Aim of the task: Transcribe the entries below word for word, beginning at the line with "Free gambling money for online casino" and stopping after the line with "Unveiling of a"; drop all pictures.

The data:
####################
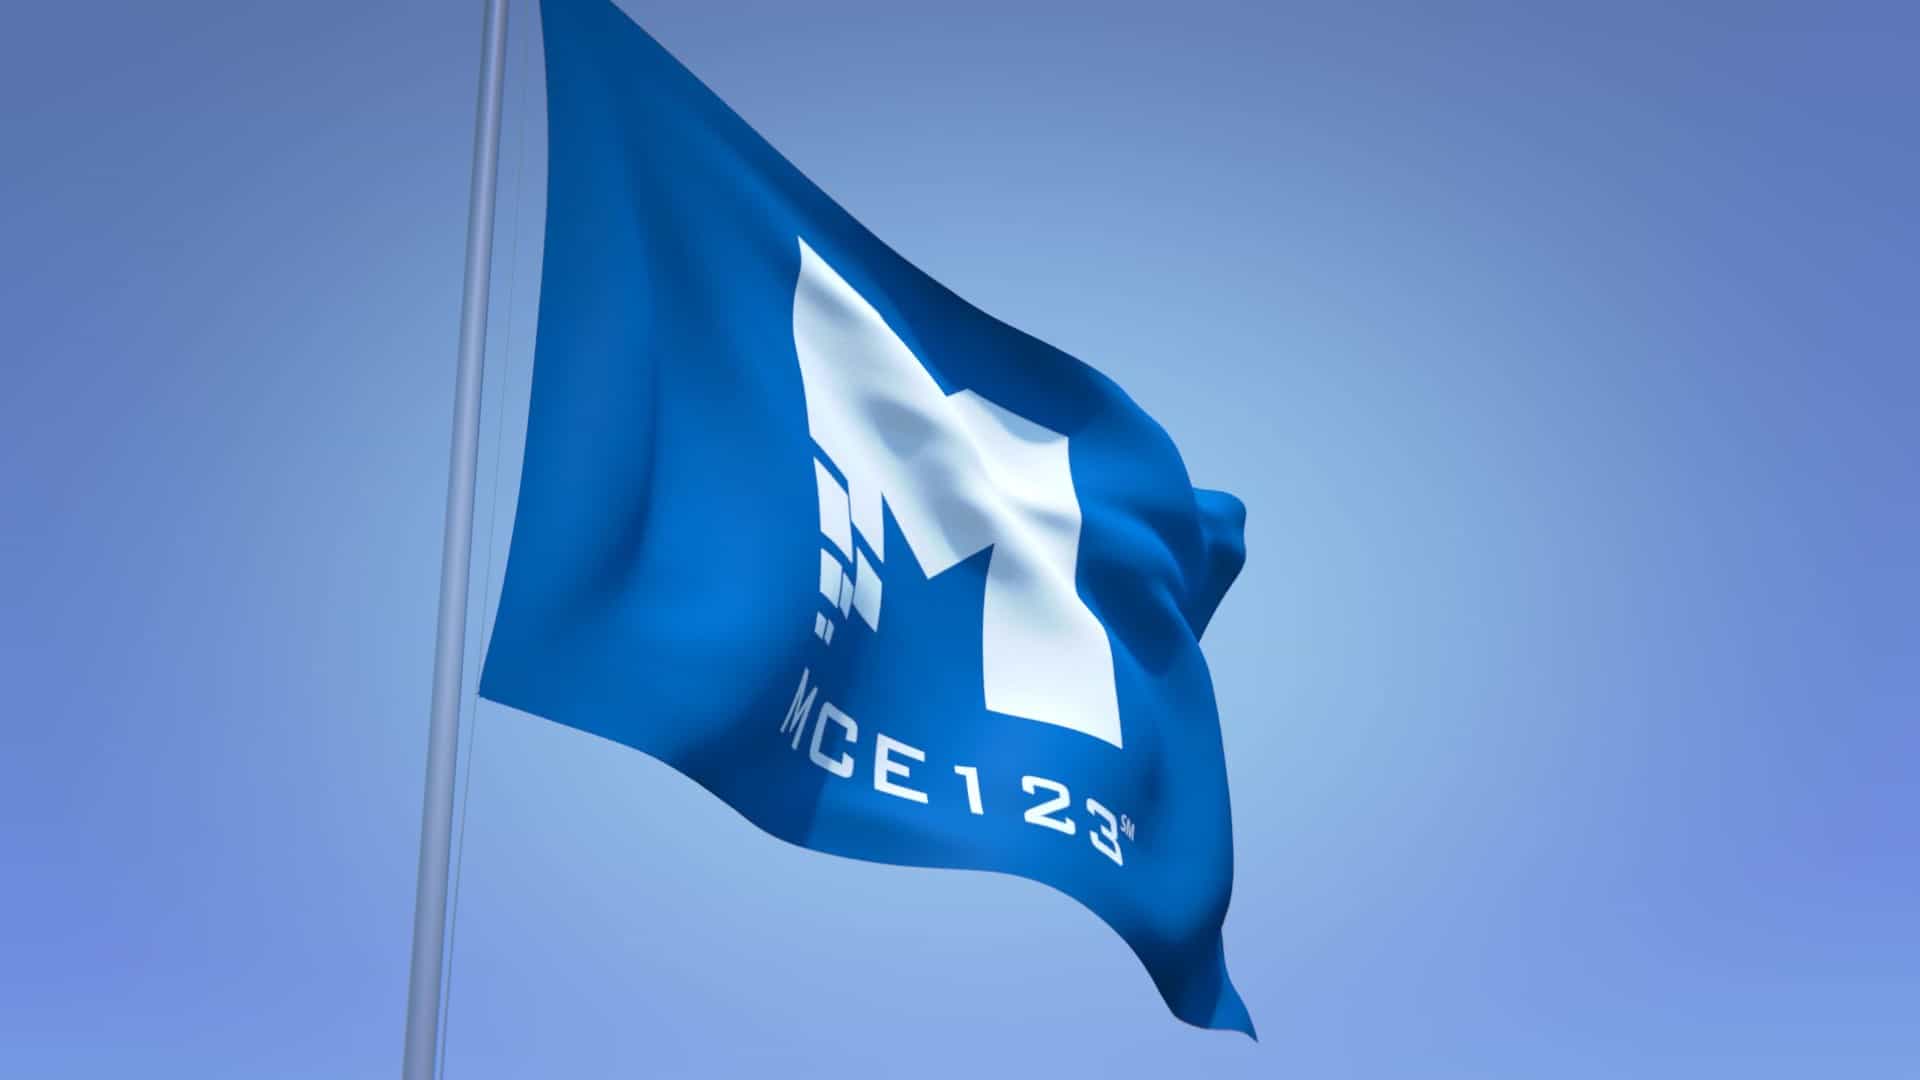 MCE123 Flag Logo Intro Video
####################
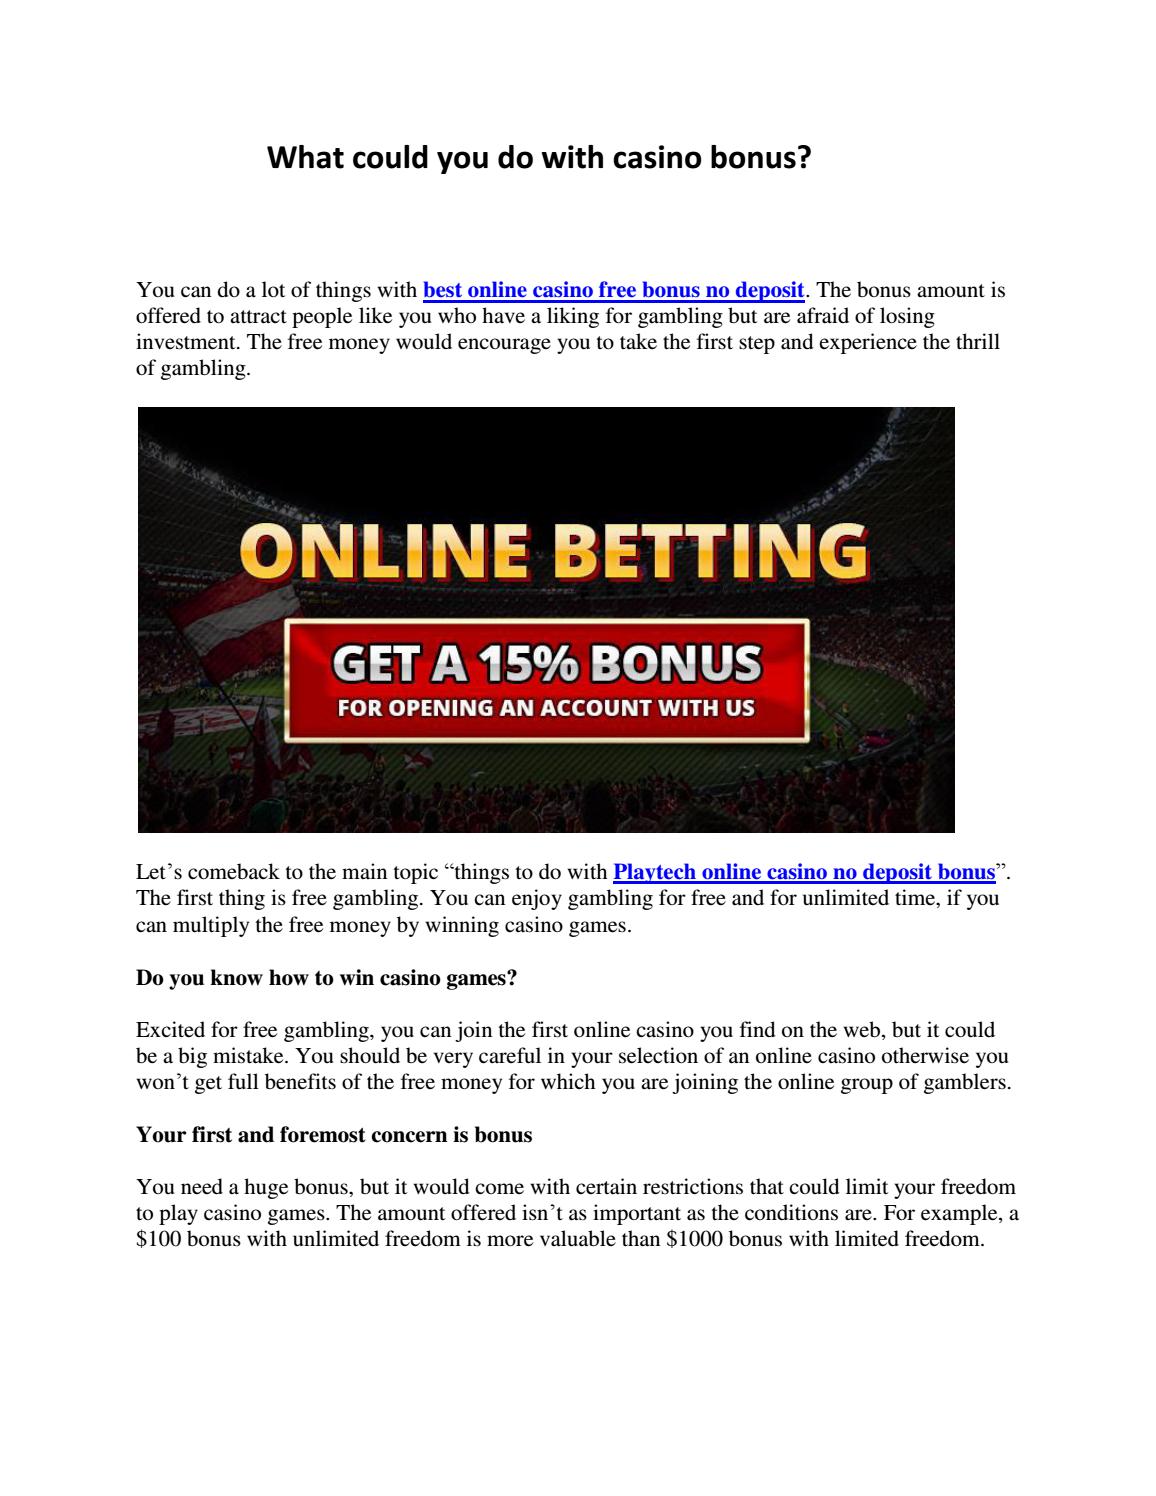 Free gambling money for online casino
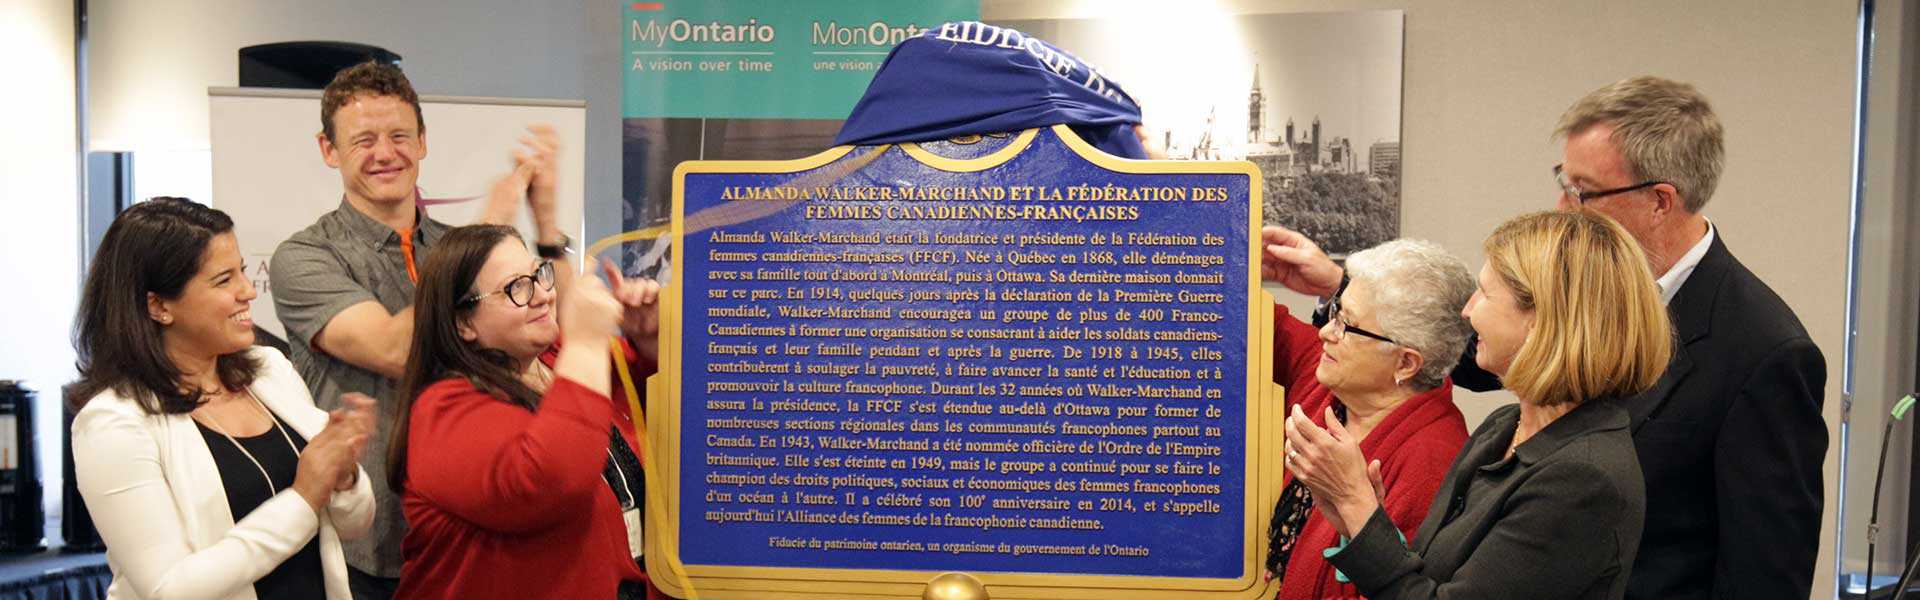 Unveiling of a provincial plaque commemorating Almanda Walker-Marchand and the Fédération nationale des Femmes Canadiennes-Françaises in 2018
####################
Written answer:
 Free gambling money for online casino
 Unveiling of a provincial plaque commemorating Almanda Walker-Marchand and the Fédération nationale des Femmes Canadiennes-Françaises in 2018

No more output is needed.